Further down, Allen must feel a bit of embarrassment at her suggestion that evolution linked body odor to cooperation. What does that mean? Do women smell armpits to size up a guy? She writes shyly, “While these findings are intriguing, they only represent one study and must be interpreted cautiously until we have further evidence.” Maybe she should have waited before writing this up, then.

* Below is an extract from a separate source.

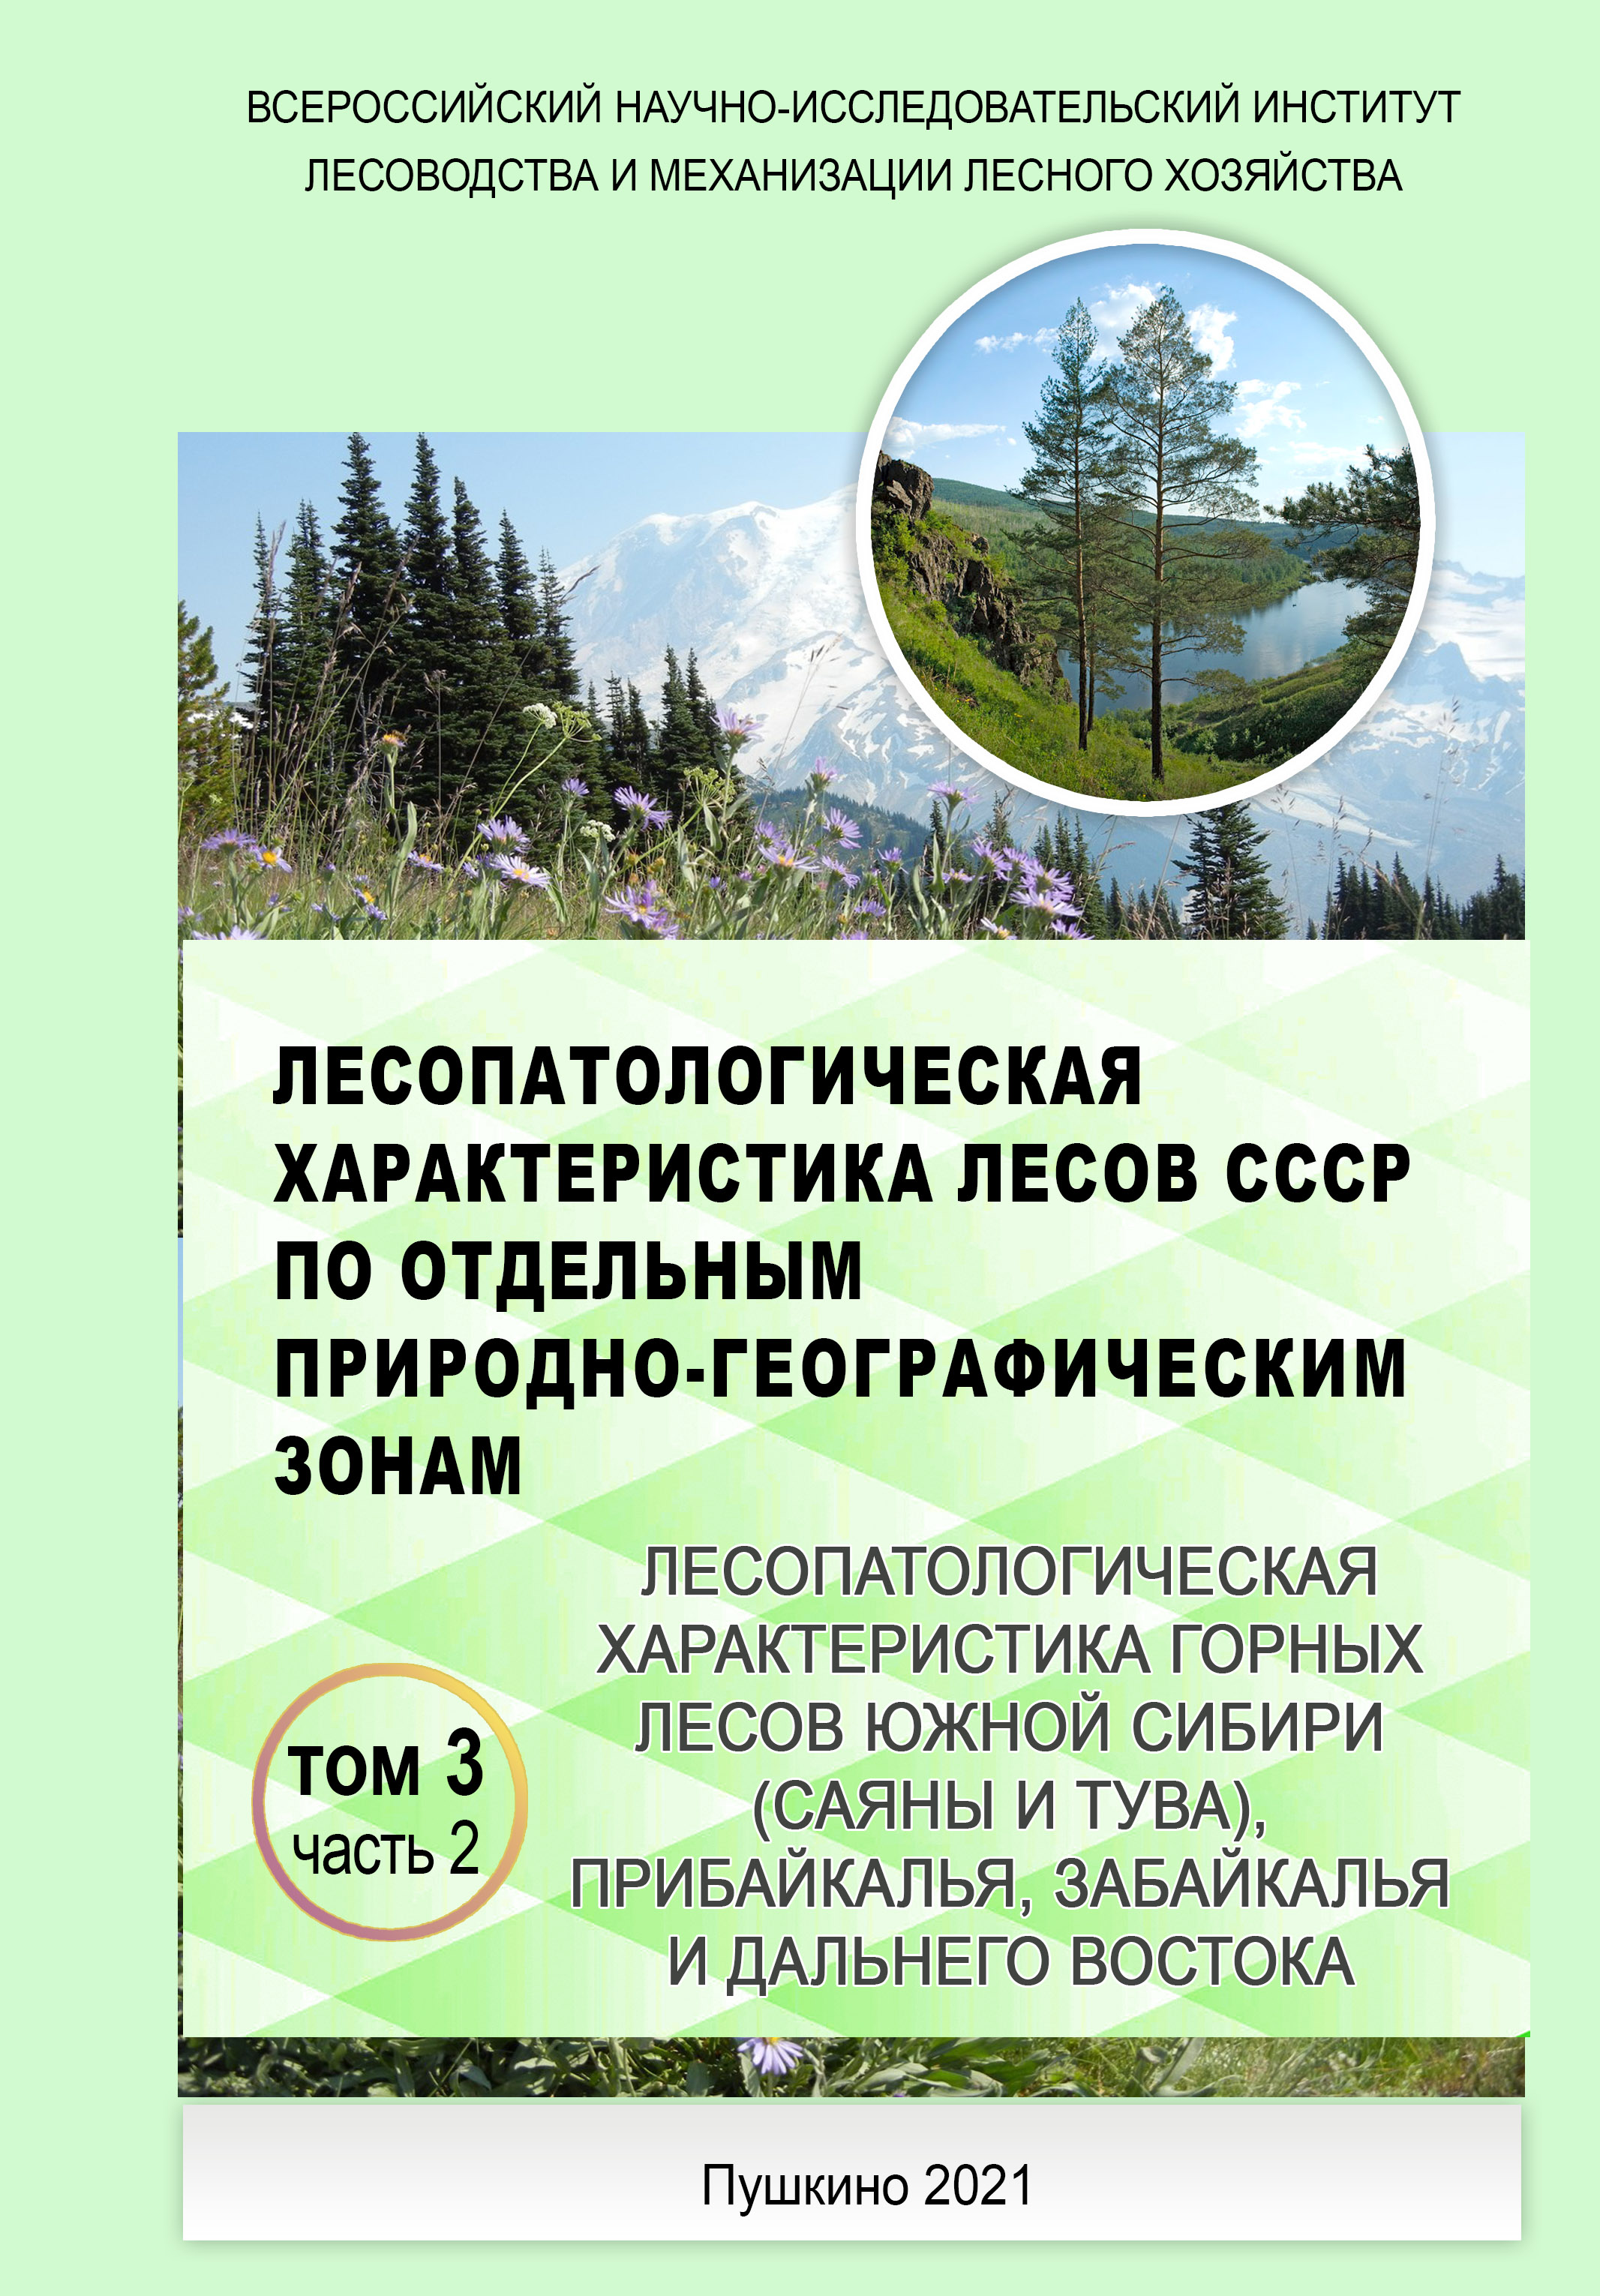 Лесопатологическая характеристика горных лесов СССР том 3 часть 2

Thank your intelligent mother for your big brain (PNAS). Does the National Academy of Sciences really want to put its stamp of approval on Holly Dunsworth’s story? This sociologist from the U of Rhode Island repeats a hypothesis by Piantadosi and Kidd who could not possibly know their “scenario” is true. It goes like this: “This type of ‘runaway’ selection would have occurred if natural selection for big, intelligent adult brains meant that hominin babies were born with relatively small brains and, because this diminished brain size rendered them more dependent, they benefited from the care of intelligent, big-brained hominin parents who had even smaller brained babies, and so on.” Yes, as Darwin would say, “if” (and what a big “if”). Her ending paragraph is so Darwin-saturated she can’t even see how it undermines her profession of epistemic modesty:

Given the large literature dedicated to the territory covered here, Piantadosi and Kidd’s powerful scenario is probably too simple to depict the complex evolutionary processes that brought us big brains, intelligence, and costly babies. Regardless, their research underscores the importance of child-rearing in the evolution of humankind, an importance that is often overlooked. Likewise, the work that goes into raising children is woefully undervalued both socially and economically in the United States. It is unlikely that an evolutionary appreciation for childcare will lead to massive culture and societal change, but such change may arise by a slow and gradual process.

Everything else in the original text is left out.